To answer your question: yes, going into negative track is actually intentional right now! We noticed it very early in development. It originally stemmed from a quirk in the code—the UI only checks if a company has more than zero track to let you click the 'Build' button. When the backend actually executes the build, it rigorously checks if you have the cash, but it just subtracts the distance from your track inventory without a hard stop at zero. So, if you have 1 track left and build a 2-length segment, it lets you stretch into -1.
We decided to keep it in as a feature rather than 'fixing' it as a bug. The game is already incredibly hard and punishing. Letting players intentionally overextend their supply lines like this adds a fun, slight 'Press Your Luck' element that floats nicely on top of the heavy financial simulation going on underneath. It gives you that one desperate push when you really need it!
Thanks for playing and pushing the limits of the economy!
You nailed it. You've perfectly deciphered the core separation in the game's engine: The Ledger (The Math/Capacity) vs. The Inventory (The Physical Cards/Flavor).
To confirm your exact points:
1. The Green Ledger (Your Capacity) Yes, your understanding is 100% correct. You start with a Ledger capacity of 3 Green draws. Unused Green capacity rolls over from year to year. And, crucially, if you pay the cash penalty for unbuilt Blue steel at the end of the year, that unbuilt Blue capacity converts into additional Green capacity for the next year.
2. The Green Cards & The Parlor You are spot on again. Buying a new Green card at the Parlor adds a physical card to your discard pile, but it does not increase your Ledger capacity. As you rightly pointed out, buying Green cards doesn't increase your ability to build track—it changes the distribution and quality of the bonuses you receive when you do build.
3. The Carousel & The Discard Tax This is my favorite part of your comment, because you've stumbled onto a major strategic layer of the deckbuilding!
Under the hood, this is called the "Paradox Rule." If your Ledger demands Green steel, but your draw deck is empty, the conveyor belt pauses and instantly recycles your discard pile to keep feeding you.
As you noticed, this heavily messes with the Blue "Asset Surcharge" contract (which taxes you based on the size of your discard pile). This is completely intentional!
You completely cracked the underlying math of the engine. Thank you again for digging this deep into the systems!
Thanks so much for playing, and for taking the time to leave this feedback! You raise a fantastic point—the game's financials and strategic layers are intentionally a bit opaque because I want players to discover the depth, but the mechanics of how things resolve absolutely need to be crystal clear. I completely agree that the rulebook needs a more rigid, "algorithmic" breakdown of the steps. Better end-of-year explanations and updates to the perk store are definitely on the to-do list!

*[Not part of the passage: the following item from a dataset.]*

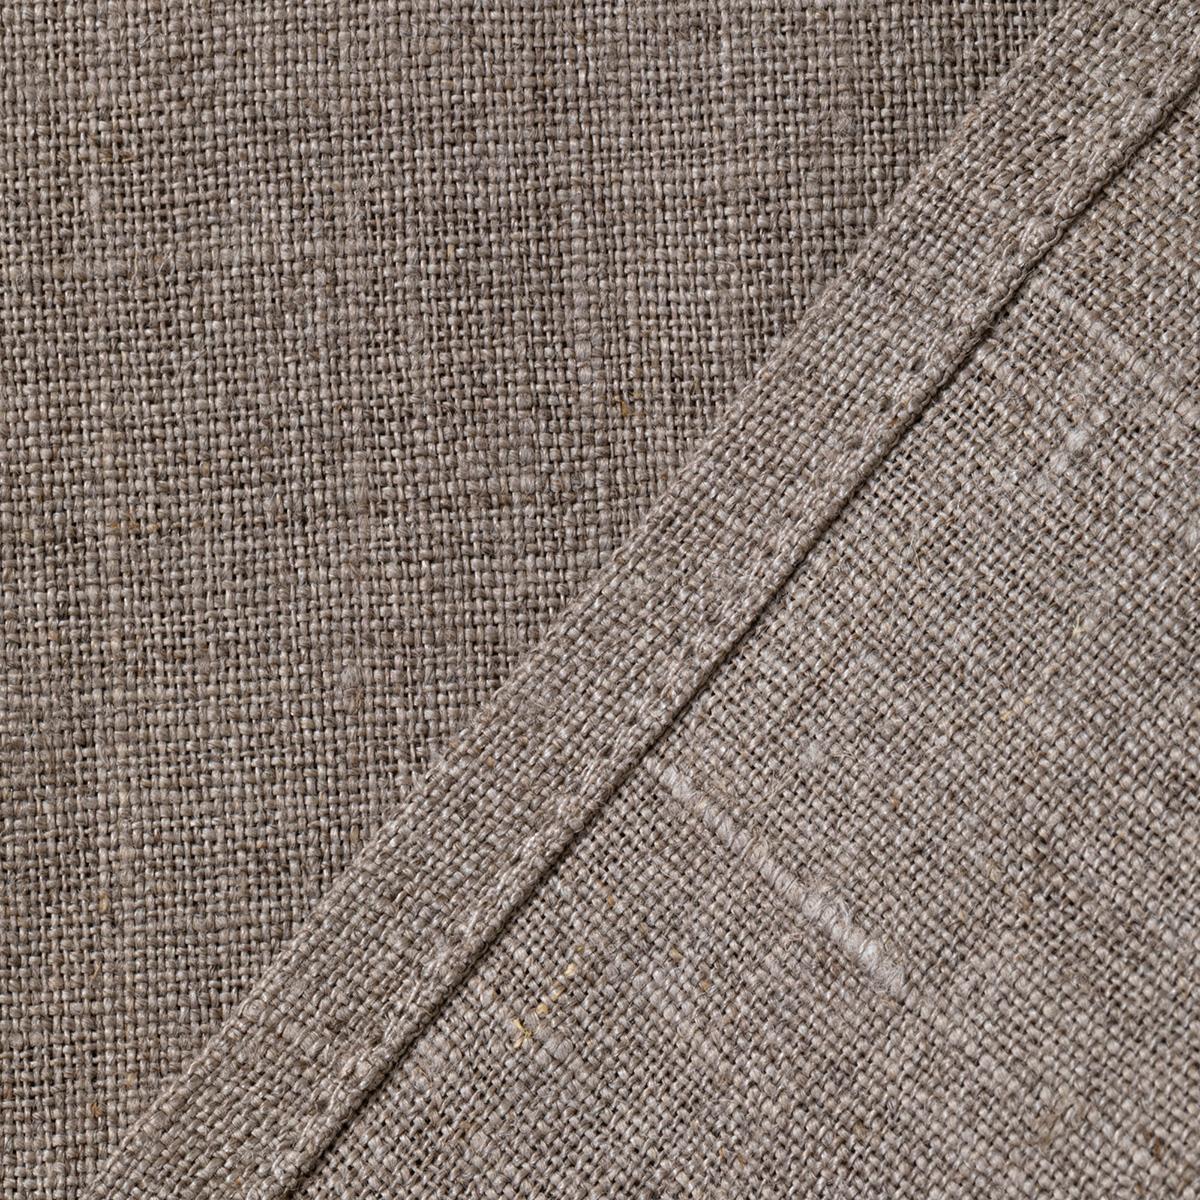 フラットシーツ スタンダード シングル 和布団用 ナチュラル 144×250cm

To answer your specific questions and give you a little peek under the hood:
How much green steel do you get at the start of your turn? (I assume you are asking about the Green cards, but just in case you were thinking of the Blue ones, I will break down both!)
Why would you ever increase the number of green cards? (And the strategy of the decks) It takes more than 50 track segments to cross the whole map, and your IPO contract won't cover it all. If you burn through your Green and Blue cards, the conveyor belt is forced to pull from the Purple (Market) deck.
While Purple cards have incredibly powerful, purely beneficial effects for you, the Purple deck gets absolutely bonkers—the price scales up every 4 cards, and every dollar you pay goes directly to the Baron. There is no way to mitigate these direct cash payments.
This is where the strategic difference between Blue and Purple cards shines. Blue cards have environmental clauses that you can mitigate. For example, the Blue "Maintenance Fee" card pays the Baron $5 for every track segment the building company owns. You can strategically minimize this kickback by intentionally keeping one company's network very small and only using that card when building for them.
The true depth unlocks when you visit a Parlor and upgrade that Blue card to Level 3. At Level 3, the clause inverts: the Bank pays YOU that money as a rebate! Suddenly, that card goes from being a liability to a huge asset, and you'll want to pivot and start playing it on your most expansive, longest railroad network to maximize your own payout.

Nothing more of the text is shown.